All indisputably great films, and not a single one made before 1968. I'm surprised THE GODFATHER fell out of the top ten, and figured RAGING BULL, often heralded as the greatest movie of the 1980s, had a good shot at cracking the list. SINGING IN THE RAIN and BATTLESHIP POTEMKIN are the other two dropped from the 2002 list. If you're looking for more current titles, Sight & Sound also polled 358 filmmakers for their favorites. The 1970s are well represented here:

1. TOKYO STORY

2. 2001: A SPACE ODYSSEY

3. CITIZEN KANE

4. 8 1/2

5. TAXI DRIVER (d. Martin Scorsese)

6. APOCALYPSE NOW (d. Francis Ford Coppola)

7. (tie) THE GODFATHER and VERTIGO

9. MIRROR (d. Andrei Tarkovsky)

10. BICYCLE THIEVES (d. Vittorio de Sica)

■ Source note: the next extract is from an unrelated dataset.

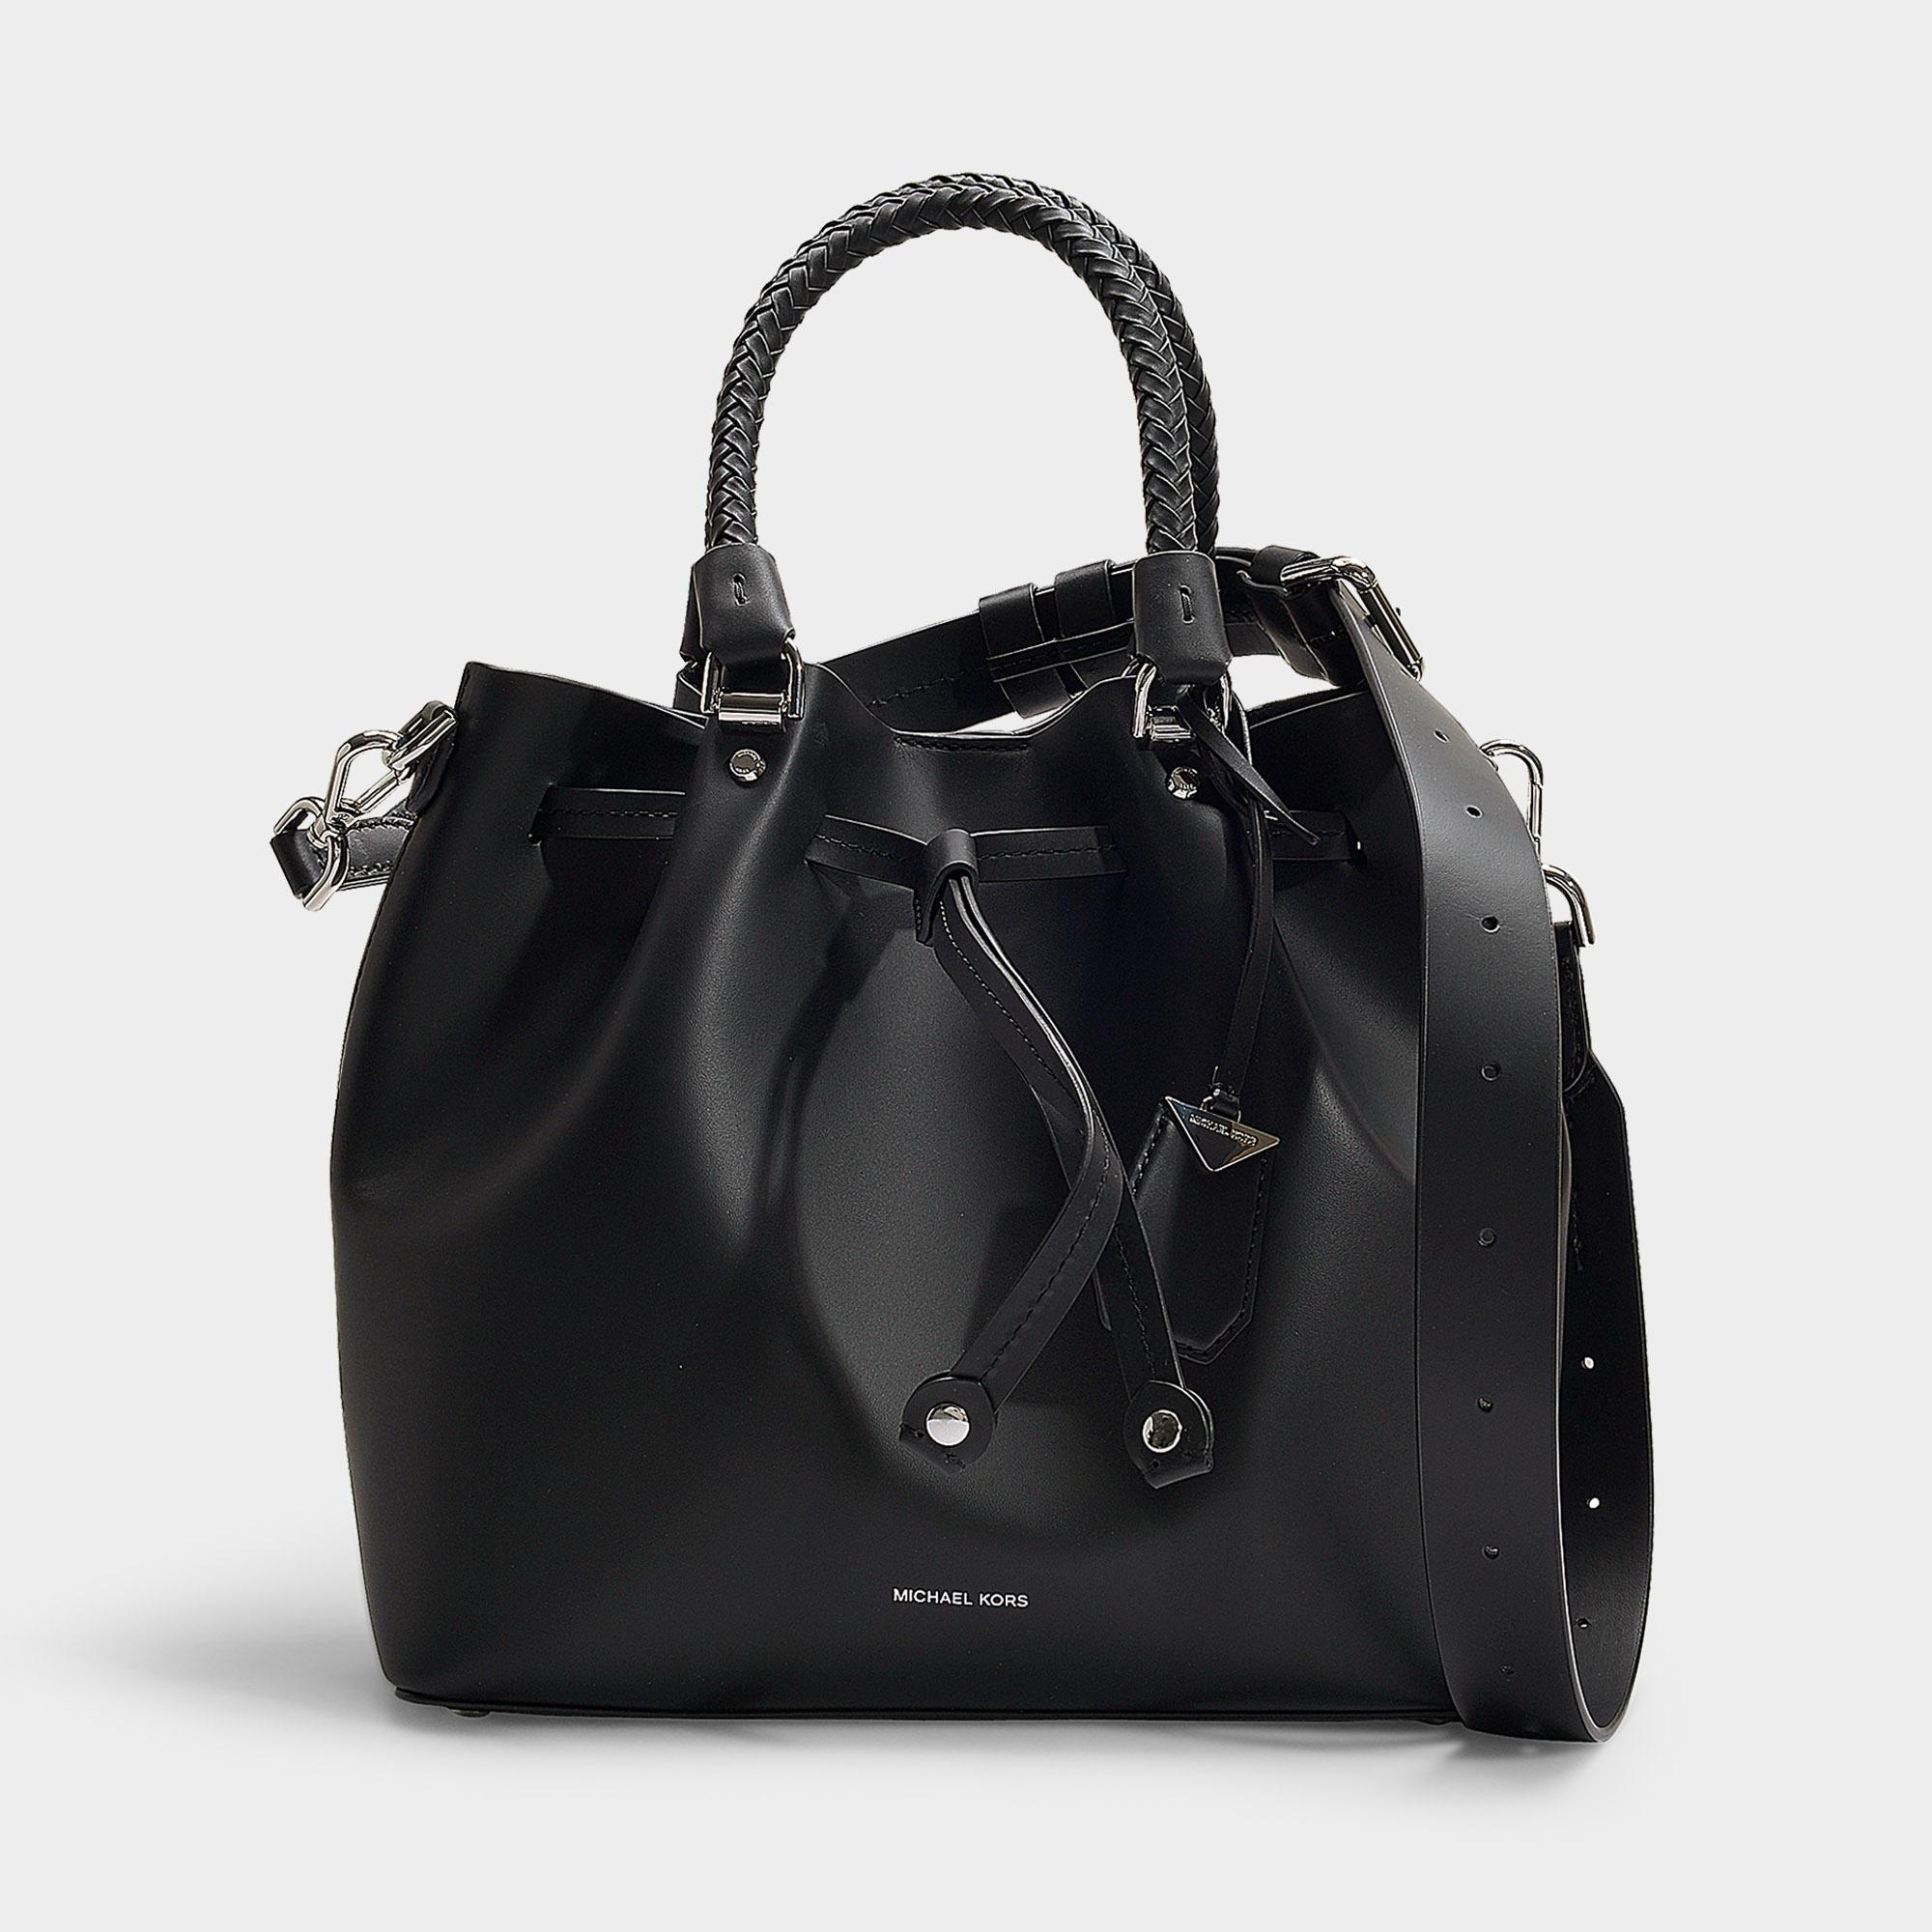 9427d54c9a2ba3 MICHAEL Michael Kors. Women's Blakely Medium Bucket Bag In Black Calfskin

The full lists are available at the BFI's site, which isn't handling the flood of traffic all that well at the moment, so you might have to hunt around for the top fifty. The only pleasant surprise to me is Wong Kar-Wai's IN THE MOOD FOR LOVE landing at twenty-four. David Lynch's MULHOLLAND DR. is a bit of a shocker at twenty-eight; I guess it's finally overtaken BLUE VELVET as the filmmaker's official masterpiece (I would argue passionately that TWIN PEAKS: FIRE WALK WITH ME is his greatest, which is but one reason S&S didn't solicit my opinion). It's also a largely humorless top fifty: there are only five films I'd classify as comedies.

So go check out the lists, and unleash your own top tens!